Competitive Position
The Indian software sector has several competitive advantages, which is allowing
it to grow at a fast pace.
Some of the key advantages are :
Locational advantage
India enjoys a locational advantage. The advantage it enjoys other countries, is a
12- hour difference with the world's largest market- the USA. This enables US
companies to establish round the clock software factories by subcontracting to
Indian companies.
Manpower
There is a tremendous latent potential of manpower supply in India. Indian has
the second largest pool of technically qualified English speaking manpower
(second only to the United States) available at a comparatively lower cost.
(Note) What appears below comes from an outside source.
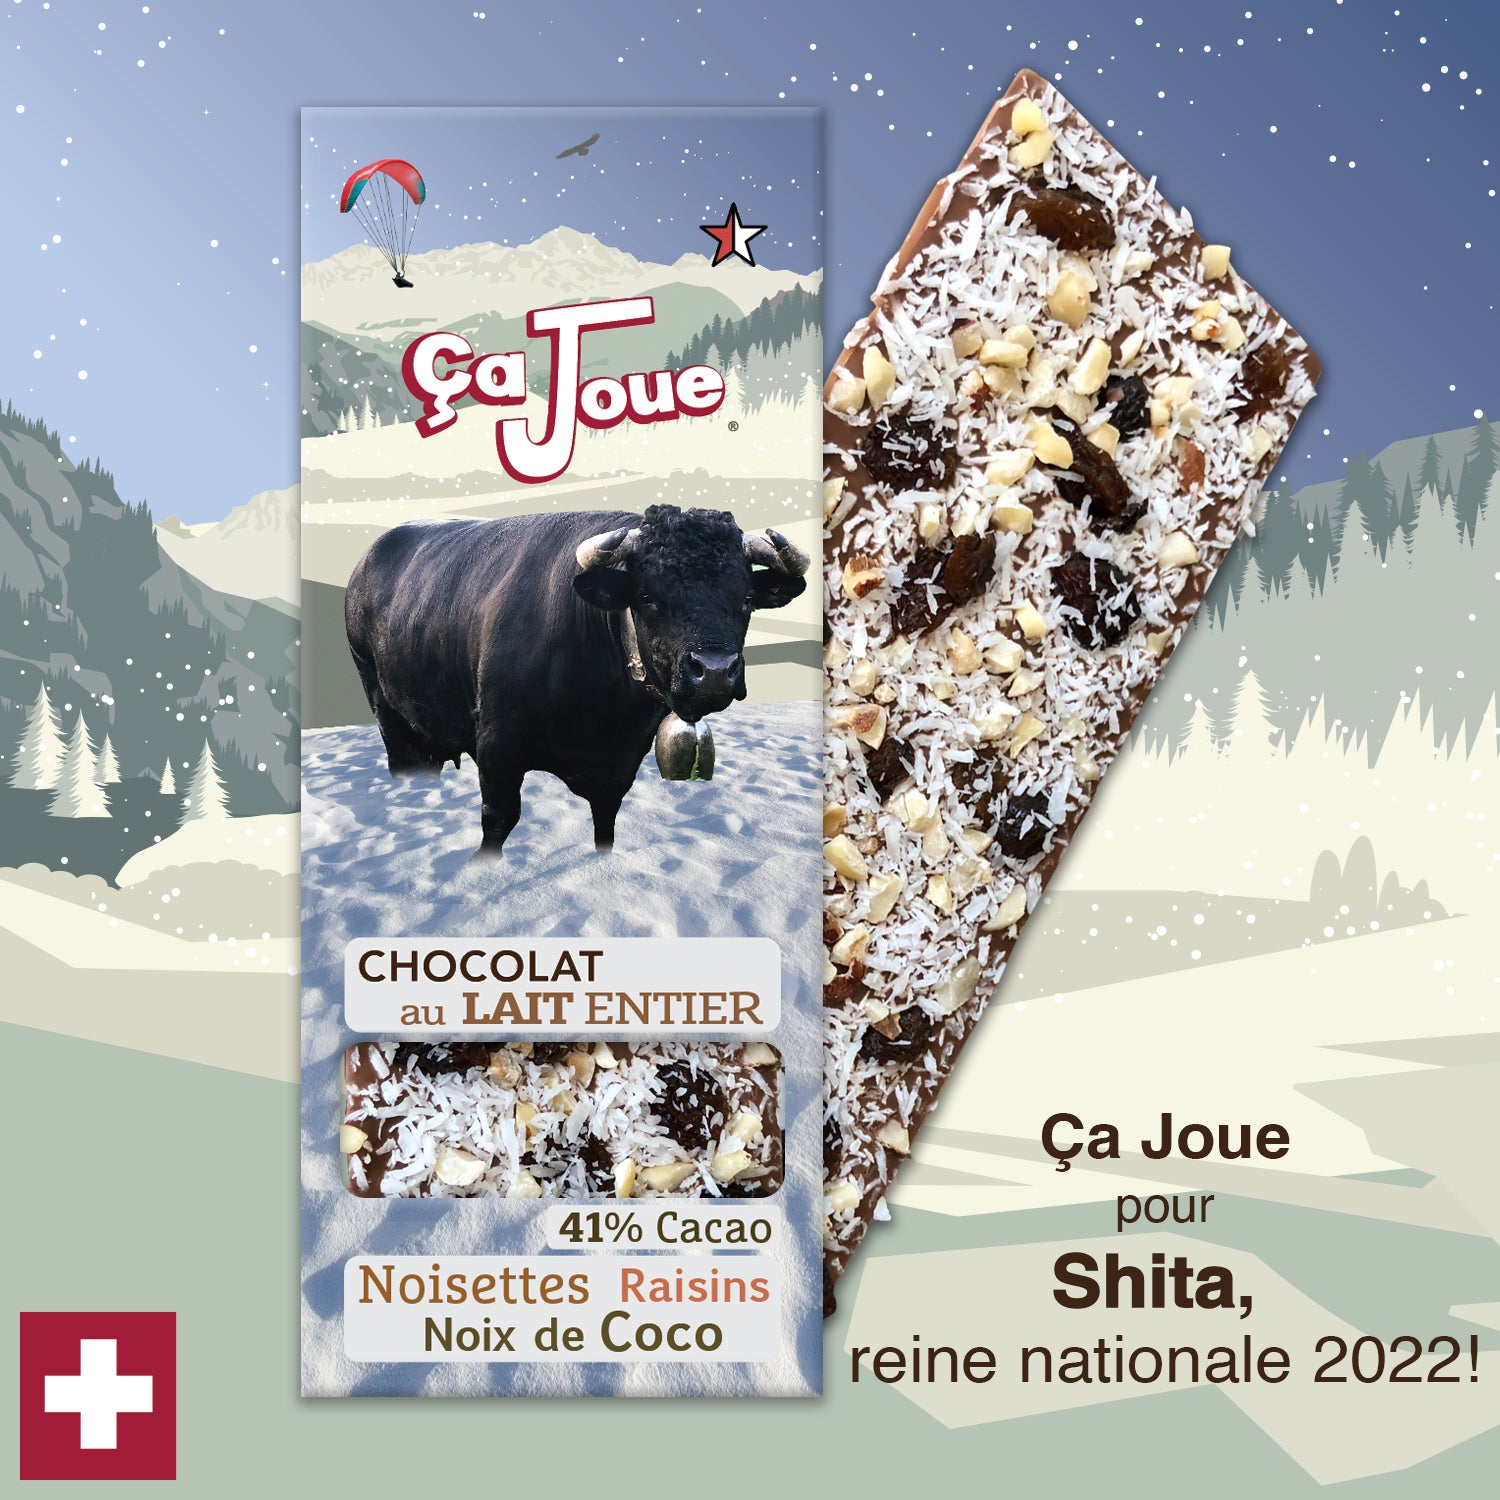 Ça Joue für die Königin Shita (Ref-BL5) Milchschokolade aus Val de Bagnes

Demand for manpower continues to surge Indian has the capacity to supply
about 70,000 software professionals each year, which hardly meets the global
demand Indian software industry can therefore continue to have a manpower led
growth.
Low cost
Much of India's strong in software in the past is attributable to the low cost of
Indian programmers. Indian programmers are paid only about 15-20% of his/ her
counterpart in developed nations. Even among competing Indian software
professionals were paid the least. This provided domestic software companies a
cutting edge in pricing for software projects. However the low cost edge has now
been considerably eroded with most software professionals getting remuneration
at pet with global standards. Nevertheless in terms of cost-quality, India
continues to offer significant 'value for money'.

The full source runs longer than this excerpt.